Are we witnessing a historical policy blunder in real-time? While Santee Cooper and Dominion Energy parade their application for the new natural gas power plant at Canadys as a necessary step for grid reliability, the truth smells suspiciously like stranded assets and regulatory complacency. This isn't just a local utility story; it's a crucial flashpoint in the national debate over energy infrastructure investment versus climate responsibility. The push for this gas plant screams of locking in decades of high-carbon dependency just as the market pivots violently toward cheaper, cleaner alternatives.
The Unspoken Truth: Sunk Costs and Political Inertia
The primary winners here are clear: the utility shareholders and the construction firms currently enjoying lucrative, long-term contracts. The losers? Every single South Carolina ratepayer who will ultimately foot the bill for this fossil fuel behemoth. Opponents, like the Southern Environmental Law Center, rightly point to the environmental damage, but the deeper, more insidious issue is the economic one. Natural gas is a bridge fuel that is rapidly becoming a dead end. Building a massive new facility now guarantees that ratepayers will be paying off equipment that could be economically obsolete within 15 years, long before its planned retirement date. This is corporate risk externalized onto the public.
Why now? Because the regulatory environment is still sluggish enough to allow this kind of inertia to flourish. When you analyze the regulatory filings, the primary justification often hinges on 'peaking capacity'—the need for quick power during heat waves. But what they conveniently downplay is the plummeting cost of utility-scale battery storage. A modern battery farm paired with existing renewable sources offers faster response times and zero fuel price volatility compared to building a new gas turbine.

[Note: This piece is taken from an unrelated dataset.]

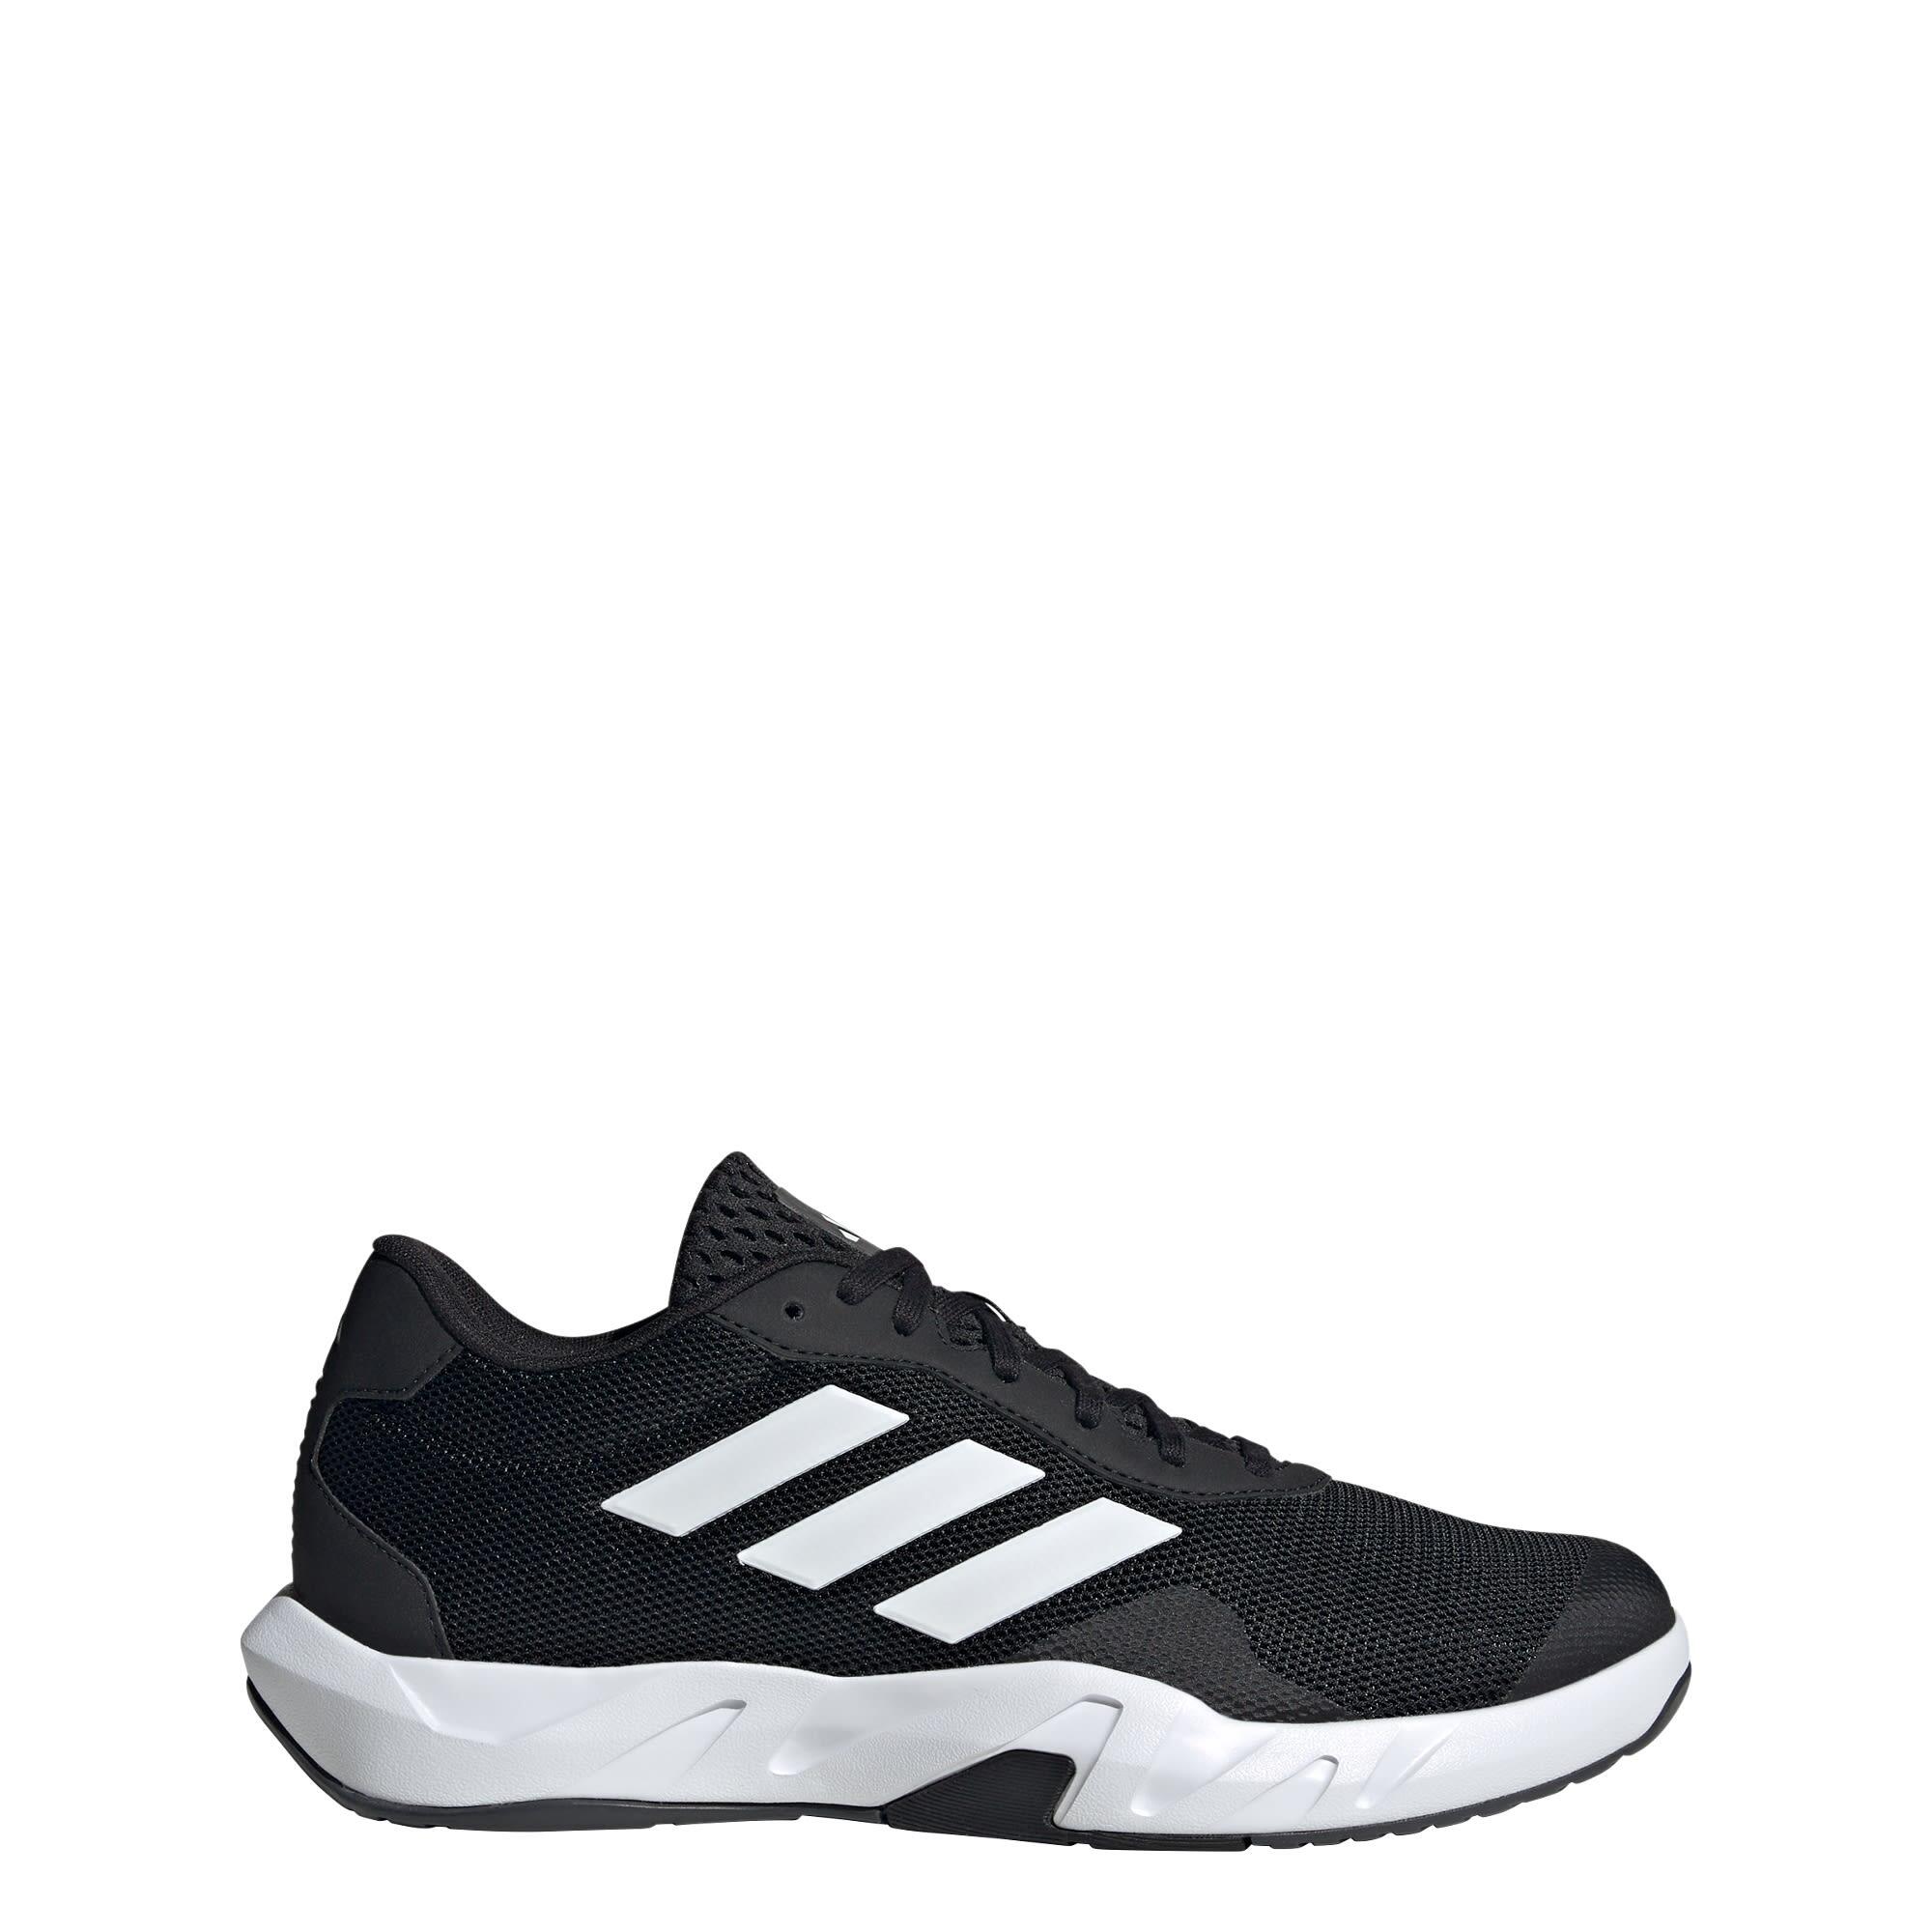 ADIDAS Amplimove Trainer Shoes

This move isn't about maximizing reliability; it's about maximizing the lifespan of outdated thinking within utility boardrooms.
Why This Matters: The Stranded Asset Time Bomb
The concept of the stranded asset is the ghost haunting this entire proposal. As federal incentives for renewables increase and battery technology scales, the economic rationale for burning gas will evaporate. When that happens—and it will happen faster than utility executives predict—who absorbs the loss? Santee Cooper, a state-owned utility, means the taxpayer absorbs it. Dominion, a massive investor-owned corporation, will lobby ferociously to ensure ratepayers cover the difference. This Canadys plant is a 40-year commitment made in a 5-year technology cycle.
Furthermore, this move sends a chilling signal to clean energy developers looking at the South Carolina market: 'We are not serious about the transition.' It artificially suppresses the demand for truly forward-looking solutions like offshore wind or massive solar installations, simply because the incumbent players prefer the familiar, albeit increasingly risky, path of gas. For more on the global energy transition trends, see reports from the International Energy Agency.
Where Do We Go From Here? The Inevitable Pivot
My prediction is that this plant will be approved, but it will become the most expensive, underutilized asset in the state's history within a decade. The backlash won't just come from environmental groups; it will materialize as ratepayer advocacy groups demanding accountability for the poor long-term financial planning. We will see an aggressive, almost desperate, push for federal subsidies to retrofit or prematurely retire this facility by the late 2030s. The true battleground won't be in front of the Public Service Commission now, but in the state legislature five years from now when the first major rate hike tied to this project hits.
The only viable strategy for Santee Cooper is to pivot immediately, using the permitting process delay to pivot the application toward high-efficiency combined-cycle gas turbines paired with massive battery storage—a true bridge—or, better yet, scrap it entirely and issue an RFP for firm, zero-carbon capacity. Anything less is fiscal malpractice.